Но перед этой встречей в далекой Чеченской республике готовились к выборам главы этого региона. Накануне этого политического мероприятия боевики решили показать, кто тут настоящий хозяин. Гудермес — второй по величине город в Чечне. Крупный ж/д узел.

В официальном документе сухо значится:
«14 декабря 1995 года в г.Гудермесе, идя на помощь окружённым в комендатуре и на железнодорожном вокзале федеральным войскам, отрезанным от основных сил, военнослужащие приняли неравный бой с боевиками. Погиб в результате ранений».
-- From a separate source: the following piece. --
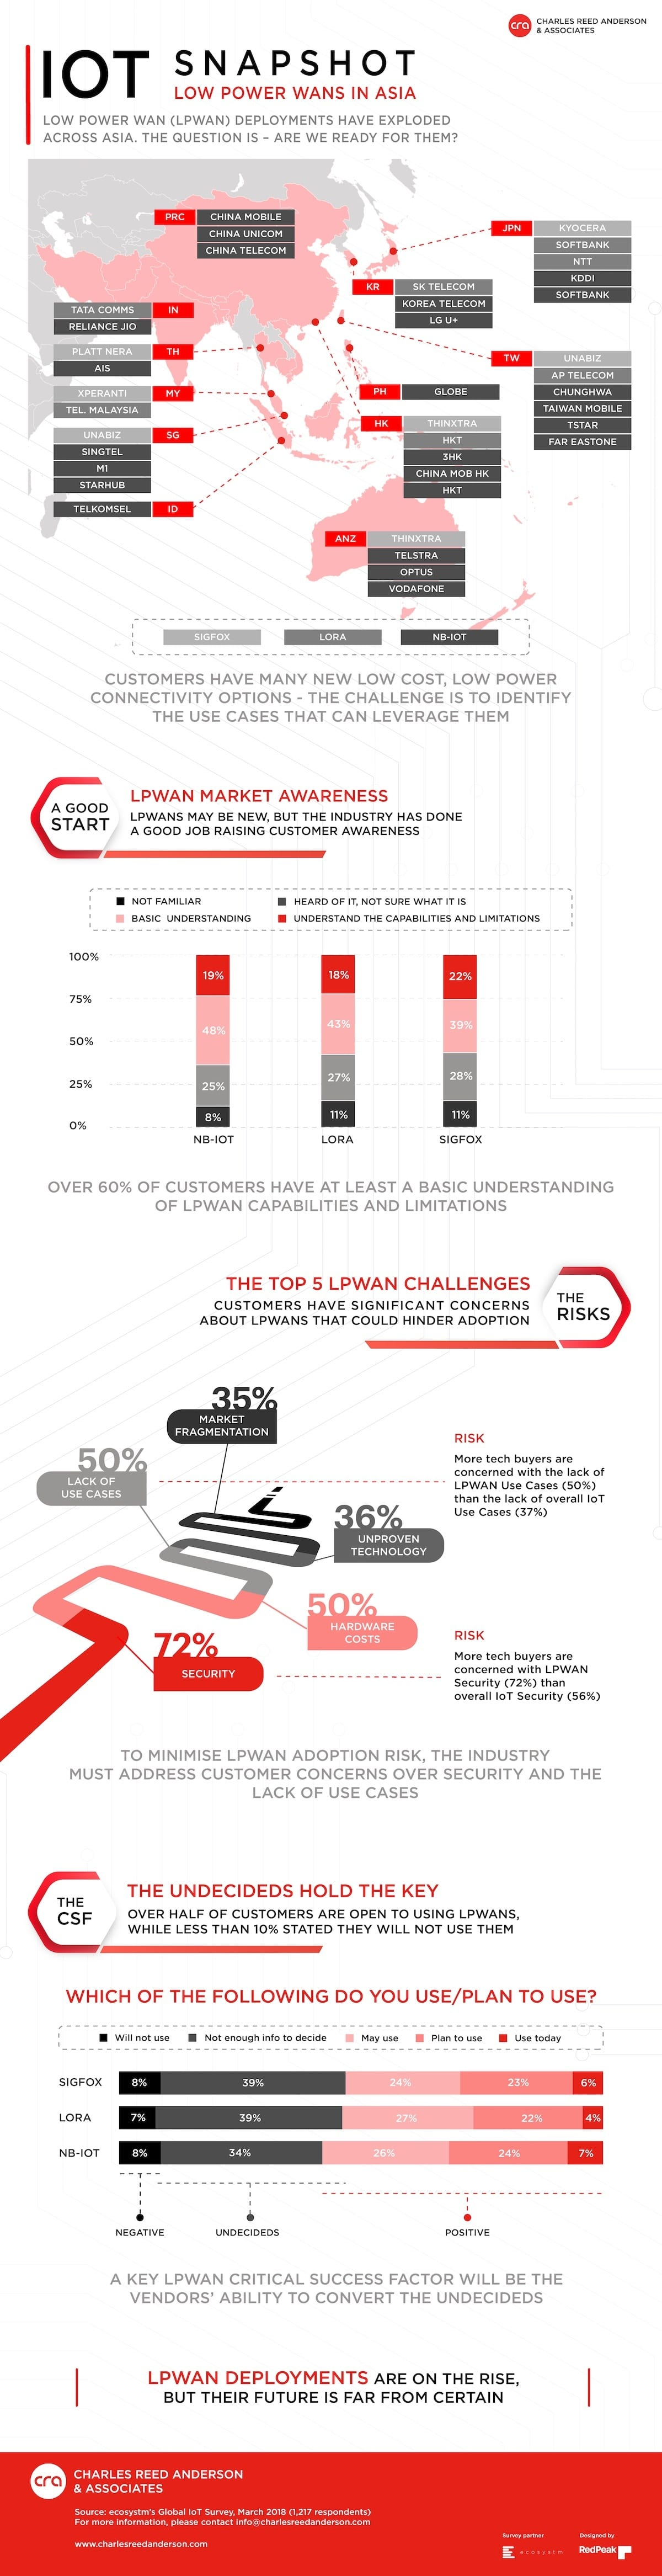 LPWAN infographic

О тех событиях много уже говорилось и писалось. Вот выдержка с сайта ветеранов 33 ОБРОН «Преданный полк»:

«14 декабря, утром, боевики блокировали федеральные силы в комендатуре и ж/д вокзале Гудермеса. На помощь были отправлены три колонны Внутренних войск с трех направлений. Все колонны попали в засады и понесли тяжелые потери, общее количество которых остается неизвестным».
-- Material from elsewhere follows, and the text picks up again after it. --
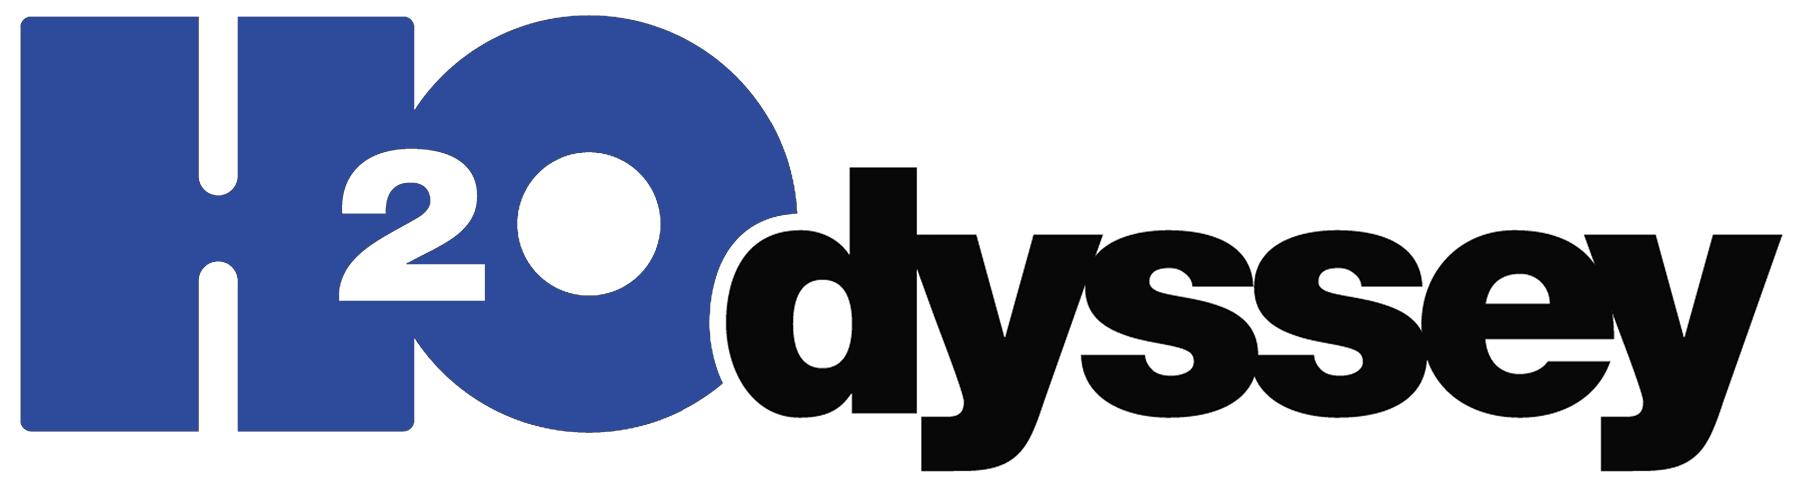 H2Odyssey Logo

Прилагается и список 51 погибшего, среди которых значатся Владимир Гаранин и Константин Дмитриенко. Напротив имен и фамилий пометка: «тело найдено и опознано».
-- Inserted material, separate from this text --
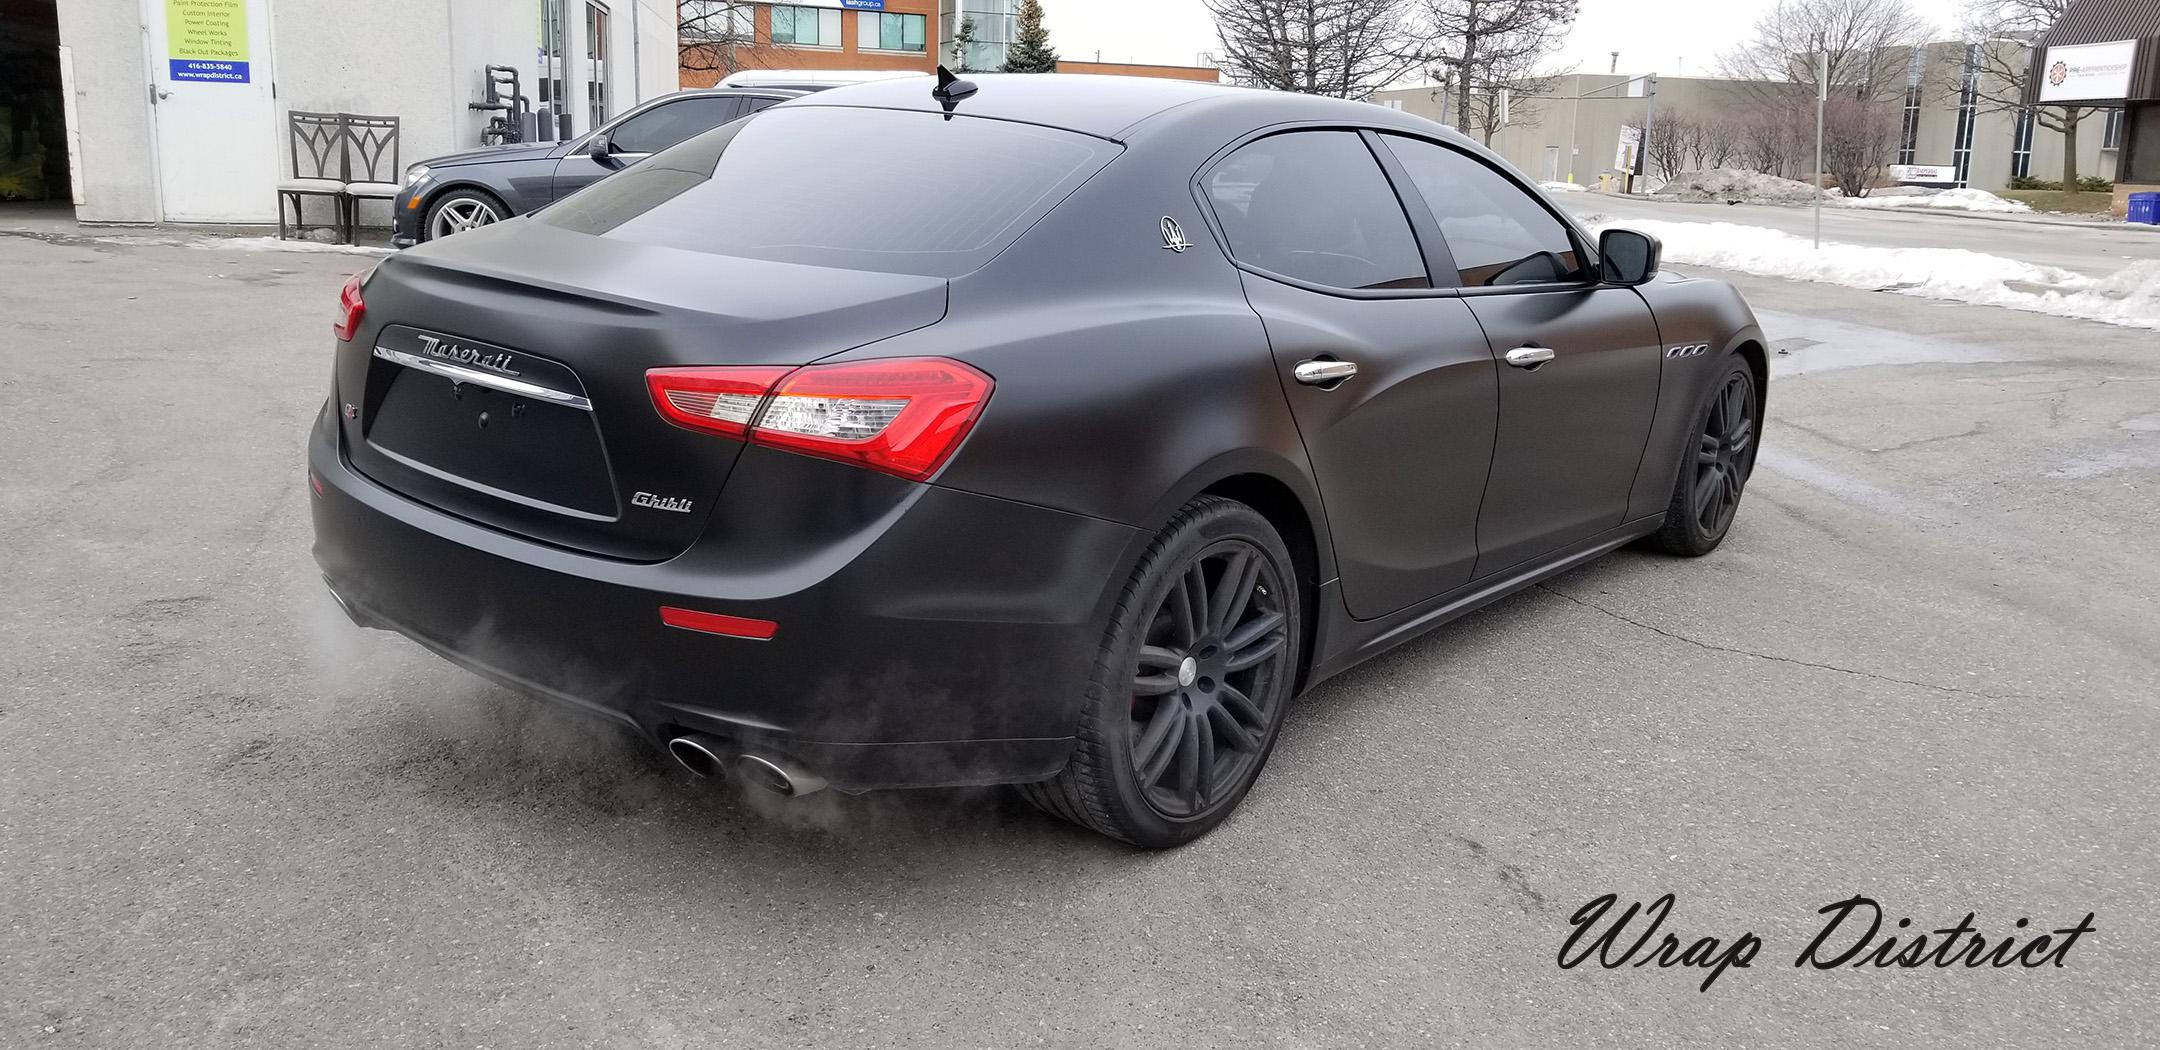 Maserati Ghibli Wrapped In Satin Black Wrap District

Далее я, как автор, приведу только выдержки из рассказа Гараниных. Подробно писать об этом слишком тяжело. Слушать запись без душевной и сердечной боли невозможно.

— На вертолетной площадке ждем свой вечный бессмертный груз, а вертолета все нет и нет. Замерзли, окоченели все, а мы этого не чувствуем. Ребята и военкомы ходят греться в машинах, а нам и Людмиле Дмитриенко ничего не хочется. Стоим тоскливо, молча, как статуи. Звоним в облвоенкомат, а там отвечают: ждите, у нас нет денег часто вас информировать. Наконец, прилетели наши соколы, — Анна Петровна говорит вдруг осевшим голосом. — Как живой он был, побритый, лицо свежее, и капельки влаги на стекле окошечка гроба.

Толпа стояла и все выли

— Дышит? Может быть, дышит? Может, живой? — проносится в голове матери.
— Наутро гроб открыли, подумала: «Хоть одели в чистое? Да нет, старые истлевшие носки, майка, только сверху китель поновей». В заключении о смерти было: «взрывная травма груди и живота». Хотела поглядеть на рану, да по рукам отец стукнул: «Нечего там глядеть, не лезь».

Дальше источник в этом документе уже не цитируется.